Première partie : leçon de choses sur le blé


               MESSIEURS,

Son Exc. M. le Ministre de l’Instruction publique, qui nous a fait l’honneur d’assister à ma première conférence, m’a adressé un reproche très-agréable à recevoir, peut-être même le plus agréable que puisse entendre une personne qui a parlé : il a trouvé que je n’en avais pas assez dit.
« Pour être conséquente avec vous-même, m’a dit M. le Ministre, et puisque vous voulez que l’enseignement soit concret, vous devez donner l’exemple. Vous avez expliqué les leçons de choses, il faut maintenant que vous alliez en faire. »
C’est pourquoi je reviens vers vous, apportant ce petit matériel,...
Mme Pape désigne une caisse posée sur une chaise auprès d’elle.
Cette boîte bien close ne récèle aucune sorcellerie, quoique, pour la petite population enfantine, elle renferme de véritables enchantements.
Il faut d’abord vous rappeler que la leçon de choses n’est point une branche spéciale d’enseignement, mais une forme qui s’adapte à tous les sujets, aux plus élevés et aux plus complexes, comme aux plus simples et aux plus faciles.
Il y a deux ans, un excellent journal, l’Économiste français, publiait quelques articles intitulés : Les Leçons de choses à la Sorbonne. On entendait sous cette désignation les cours scientifiques faits par les plus savants professeurs de Paris, dans cette salle même, pendant les soirées d’hiver, et qui sont, pour leurs auditeurs assidus, de véritables et grandes leçons de choses. Que sont, en effet, ces intéressantes leçons ? Chacun le sait, ce sont des démonstrations expliquées. Voilà leur attrait, leur charme. Il faut qu’il en soit de même pour instruire l’enfance.
N’est-il pas évident qu’ici les extrêmes se touchent? Et puisque la même vérité se retrouve aux deux points opposés, on doit en conclure qu’elle existe sur toute la ligne qui les relie.
Je vous demande la permission de vous transporter en esprit dans une salle d’asile.
Le plaisir de la surprise est très vif chez l’enfance. Il est proportionnel au désir de connaître. Il faut savoir profiter de cette ardeur, et la ménager avec art, de manière â concentrer sur la leçon tout l’intérêt et toute l’attention que la nature de l’enfant comporte.
Cet art n’exige ni complication, ni recherche. Les mères le trouvent dès la naissance de leur enfant, preuve que rien n’est plus simple, plus naturel que cet art là. Il consiste simplement à aimer, et à désirer faire plaisir à ceux qu’on aime. Et il est si doux d’aimer les enfants ! et si facile de leur être agréable ! Ils se laissent si aisément charmer, et entraîner là où l’on veut les conduire !
Si donc on montre aux enfants une corbeille comme celle-ci
(Mme Pape ouvre la caisse et en tire une élégante petite corbeille fermée.)
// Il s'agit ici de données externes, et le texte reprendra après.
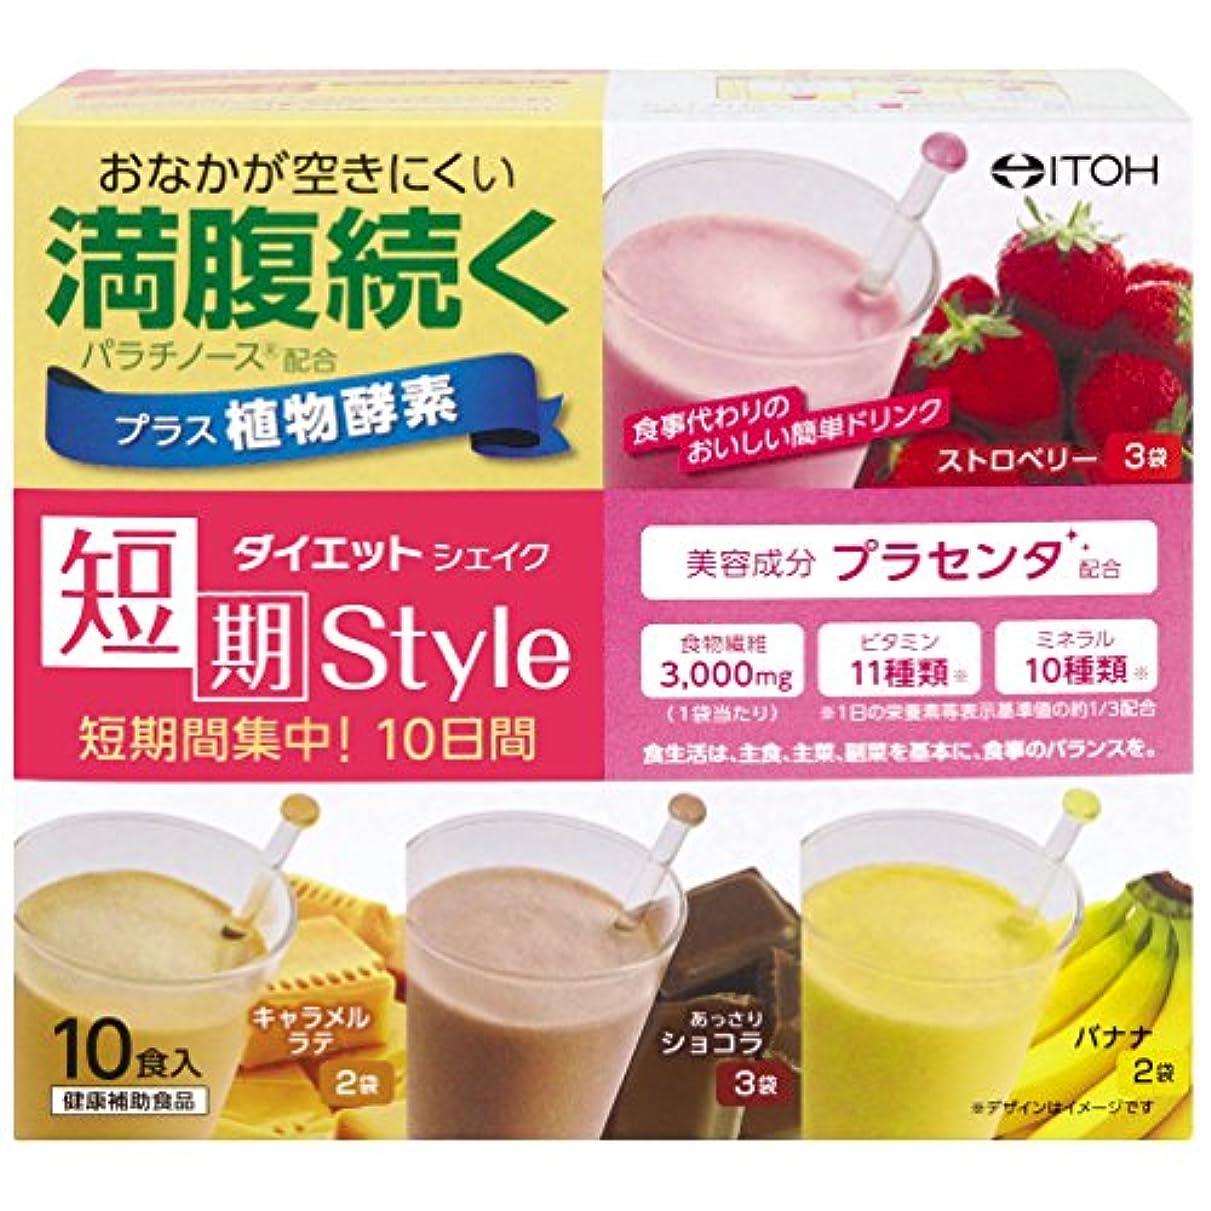 のスコア変形する突破口井藤漢方製薬 短期スタイル ダイエットシェイク 10食分 25gX10袋
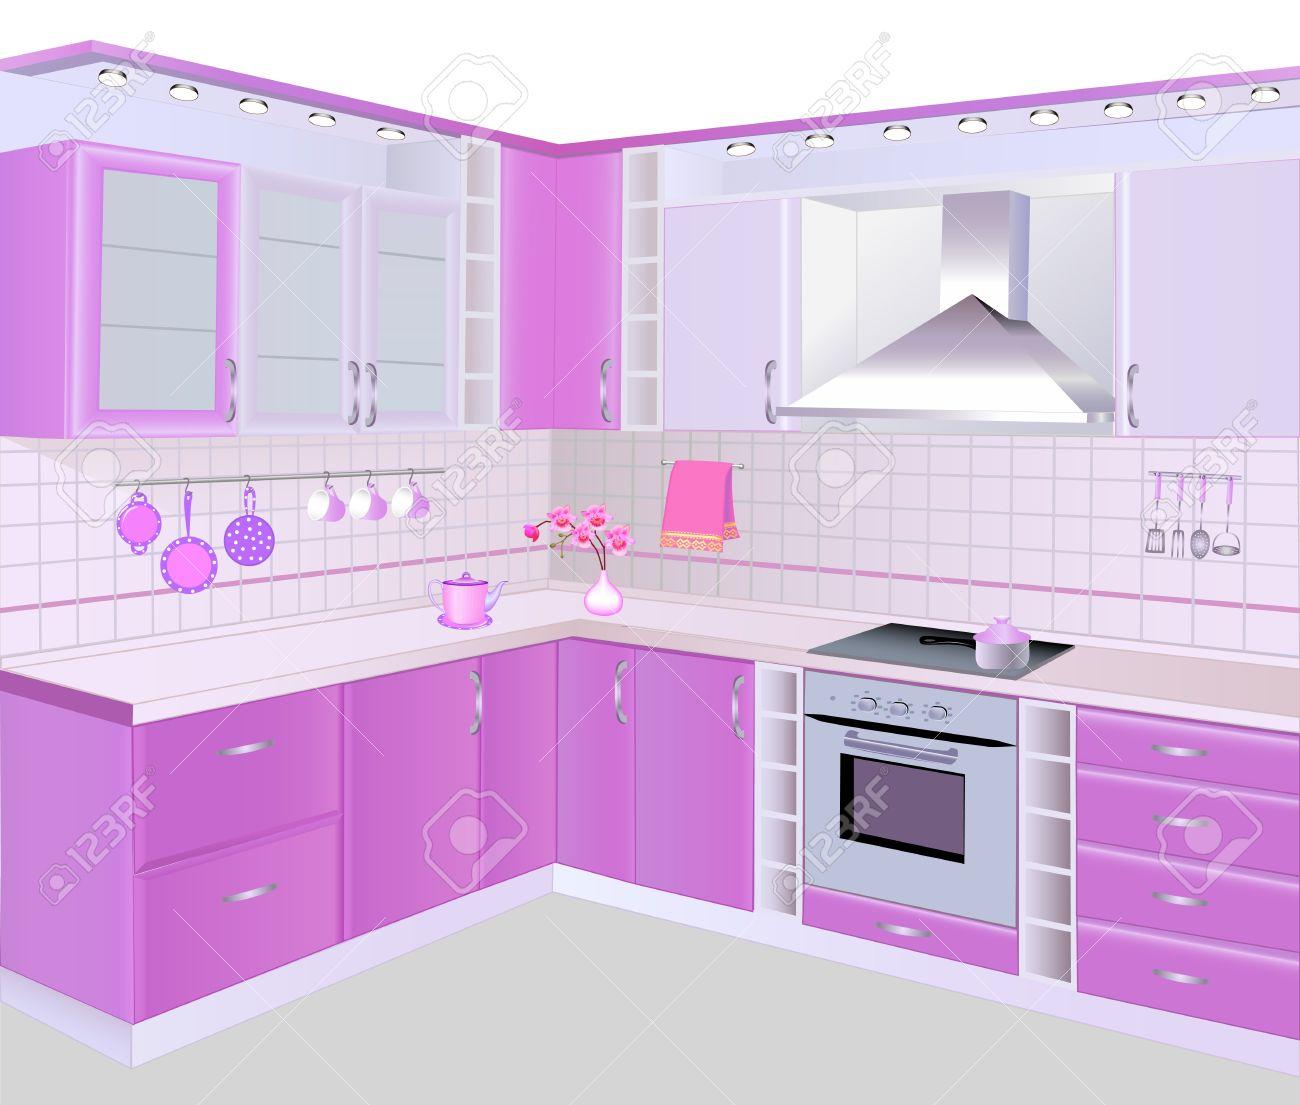 22151262 ilustraci n interior de la cocina con muebles de color rosa y azulejos foto de archivojpg - Racholas De Bao

source de la photo : http://shopping.cherchons.com/
Et qu’on leur dise : « J’ai là dedans une chose très précieuse, l’une des plus précieuse qu’il y ait sur la terre ; un véritable trésor ! Devinez !... »
Les enfants intrigués, et les yeux avidement fixés sur la corbeille nommeront tout ce qu’ils savent de plus beau : de l’argent ? de l’or ? des bijoux? des diamants?
— Mieux que tout cela       [1] ! »
Alors l’institutrice, la mère qui joue avec ses enfants, ouvre son petit panier et leur montre.... ceci....
(Mme Pape, ayant ouvert la corbeille, en tire et présente un morceau de pain!)
source de la photo : http://sciencejunior.fr/
Qu’y a-t-il sur la terre de plus précieux que le pain ? Le pain qui nourrit le corps de l’homme, son serviteur obéissant, le pouvoir exécutif de sa volonté, de son âme ! Que sont l’or et l’argent à côté du pain ? Rappelez-vous l’histoire de ce roi de la Fable, Midas, qui, ayant obtenu de Bacchus que tout ce qu’il toucherait fût changé en or, vit tous ses aliments se transformer en cet indigeste métal, et faillit périr de faim au milieu de ses richesses.
Voici donc du pain. Mais comment et avec quoi se fait le pain ? Avec quoi ! Eh bien ! il se fait avec cette chose que voici.
(Mme Pape montre un petit sac de farine.)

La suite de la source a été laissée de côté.